I had always known that a given debt/GDP ratio would be more worrying for a country with declining population than for a country with a growing population. There will be fewer future people to carry the same future burden. But I had never sat down to do the arithmetic, until just now. What surprised me was just how big this effect was. So if you have never done the arithmetic yourself, or seen anyone else do it, read on.
Suppose the real interest rate is r, the growth rate of per capita GDP is y, and the growth rate of population is g. Define the "debt burden" as the percentage of GDP needed to service the debt to prevent the debt/GDP ratio rising over time.
Then: debt burden = (r-y-g)debt/GDP
In a stationary economy (y=0, g=0) the government needs to set taxes higher than program expenditure so that the resulting "primary surplus" is just big enough to pay the interest on the debt, and prevent the debt rising over time. (Both the interest rate, and the debt, are measured in "real" terms, i.e. adjusted for inflation.)
To my mind, the "primary surplus" needed to prevent the debt/GDP ratio rising over time is a good measure of the burden of the debt. It represents taxes we pay that cannot be spent on the things we want to spend it on.
In a growing economy (y+g>0) the debt burden is smaller (for given real interest rate and debt/GDP ratio). That's because the debt can be allowed to grow at rate y+g while keeping the debt/GDP ratio constant.
Let's plug in some numbers. Suppose r-y=2%. That seems roughly plausible for advanced countries, with real interest rates on government debt around 3%, and real income per person growing around 1%. Now compare two countries: the first has 1% population growth; and the second 0%.
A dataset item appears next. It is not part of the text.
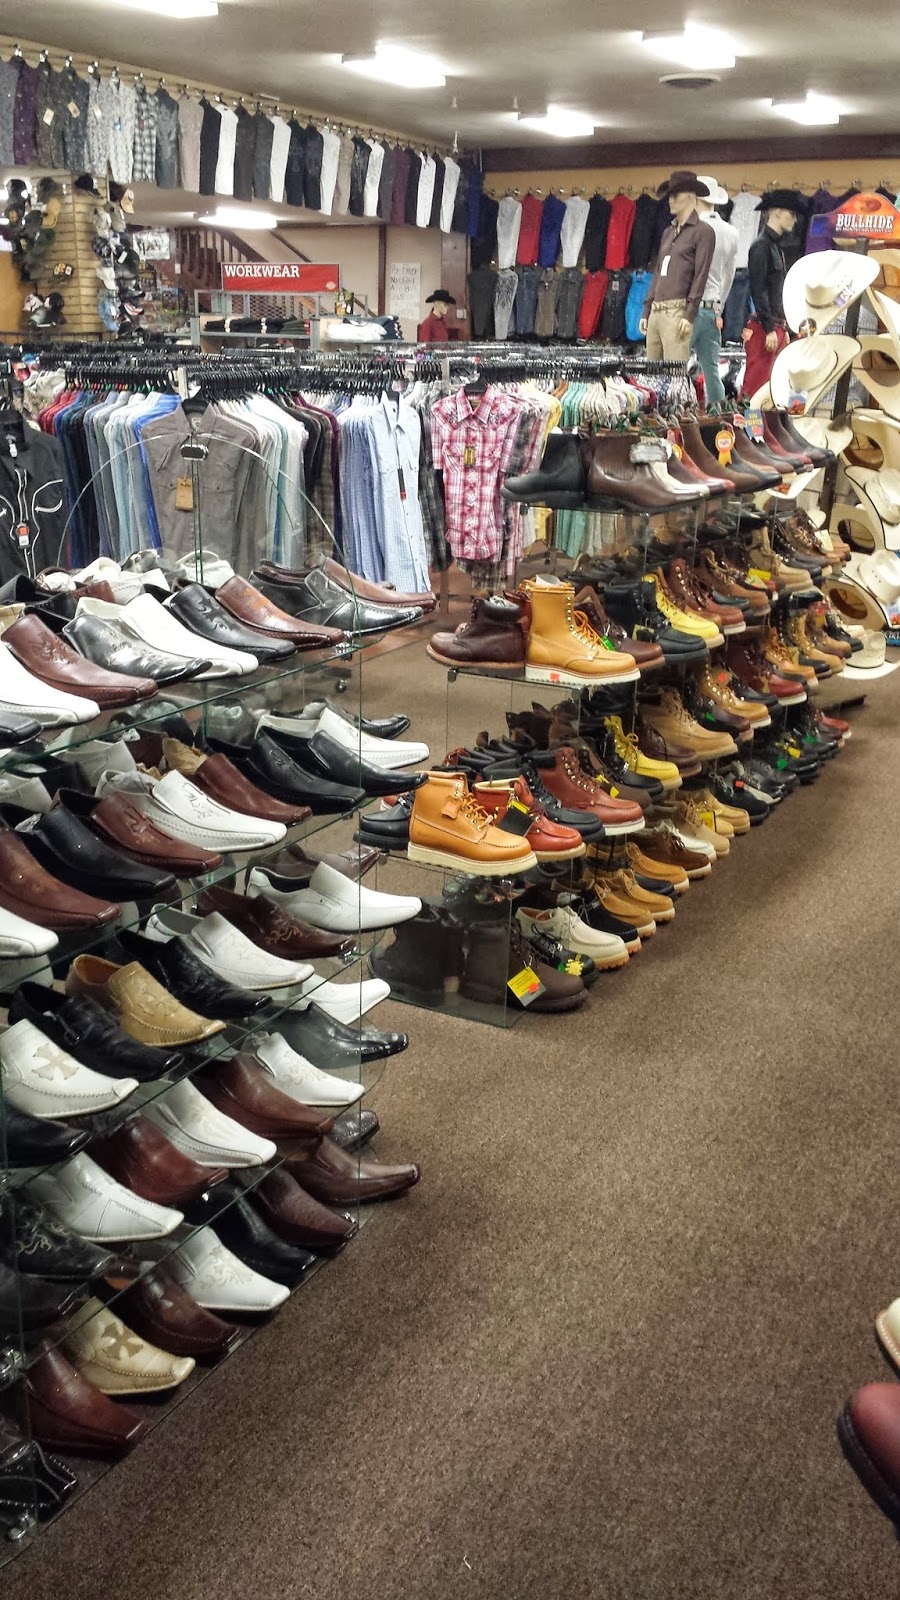 El Vaquero - The Cowboy Store - shoe store  | Photo 6 of 10 | Address: 506 E First St, Santa Ana, CA 92701, USA | Phone: (714) 547-9609

The country that has a growing population has half the debt burden of the country with constant population, if both have the same debt/GDP ratio. And the country with a growing population can handle twice the debt/GDP ratio with the same debt burden.
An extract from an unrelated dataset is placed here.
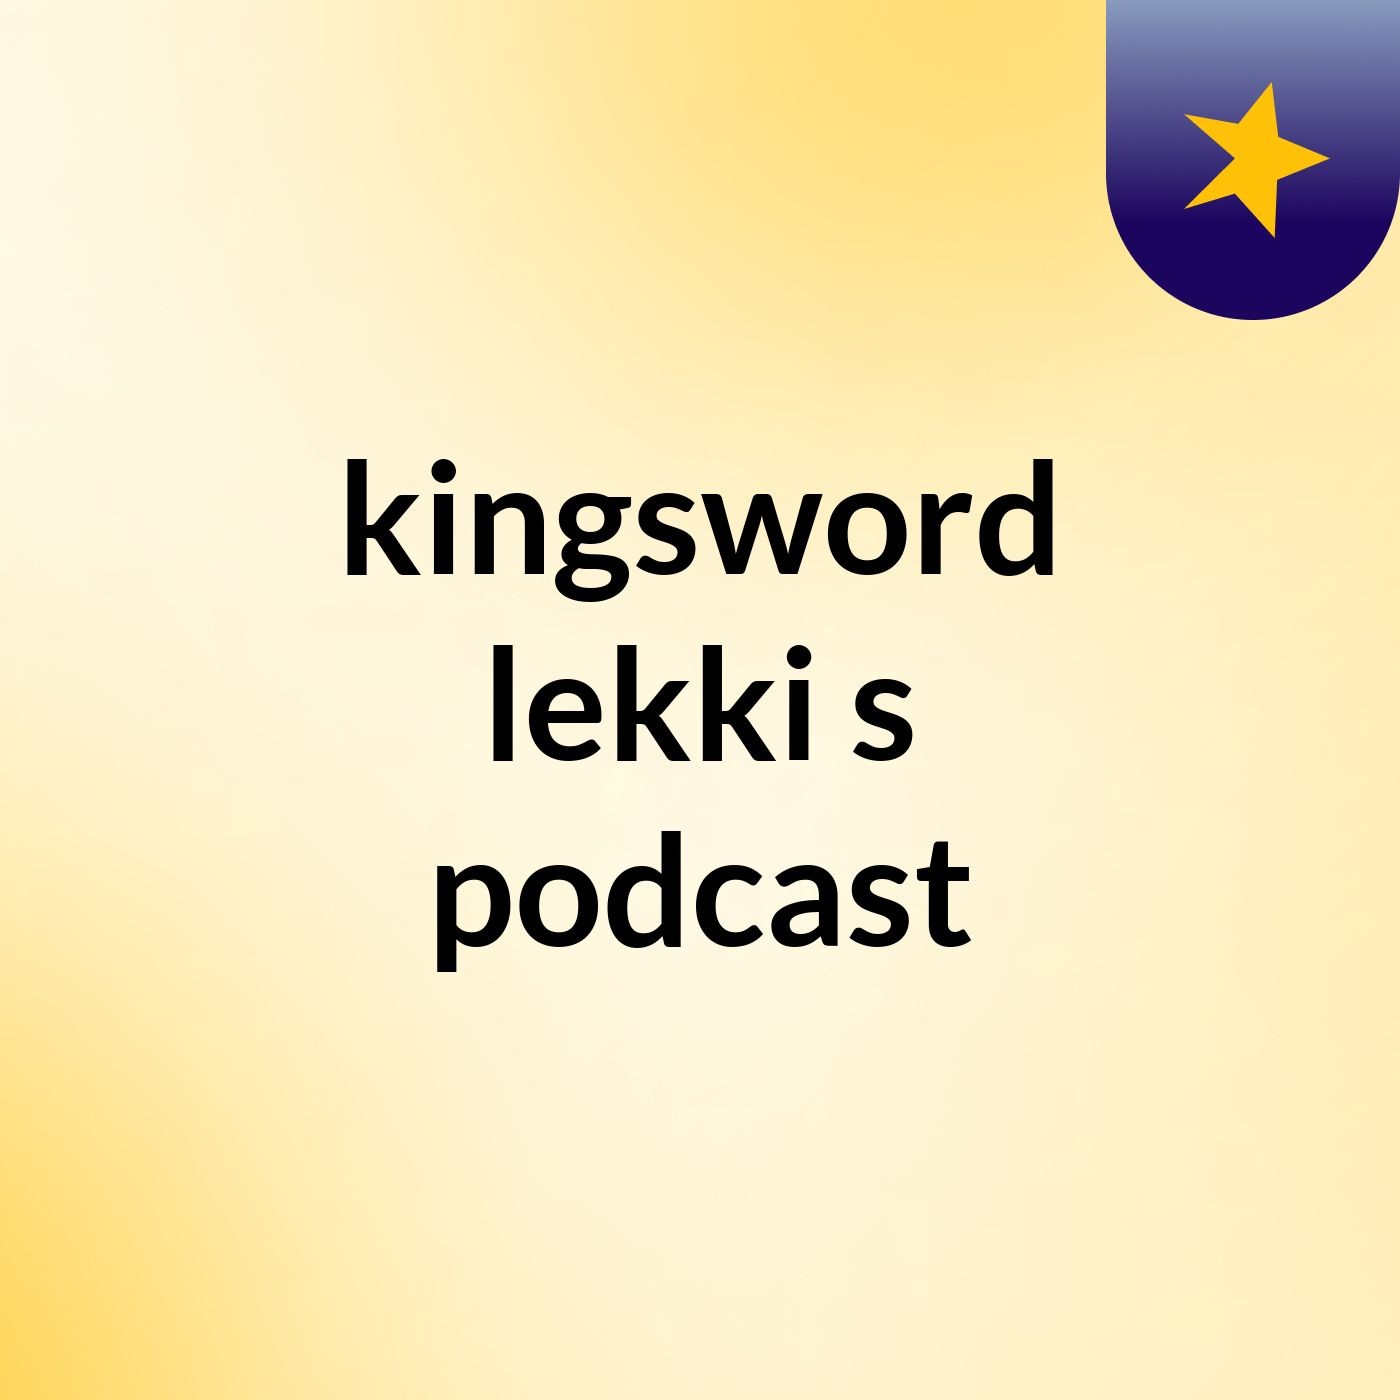 kingsword lekki's podcast

It's that second way of thinking about the arithmetic that surprised me.
Presumably there is some maximum level of debt burden that a population is willing to accept, because they are paying taxes, but getting nothing in return. (Well, they did get something in return, but that was yesterday's deficits, paying for yesterday's generation's benefits). Past a certain point, if the debt burden gets too high the population may refuse to pay, or may emigrate to avoid the burden, which just raises the burden on those who remain.
Maximum debt/GDP = maximum debt burden/(r-y-g)
All other things equal, if we just looked at projections for population growth rates, my guess is that Canada can handle nearly double the maximum debt/GDP ratio that (say) Greece can handle, since our population will grow at nearly 1 percentage point higher.
Of course, other things matter too, but population growth matters a lot. I hadn't realised the effects of population growth were so big.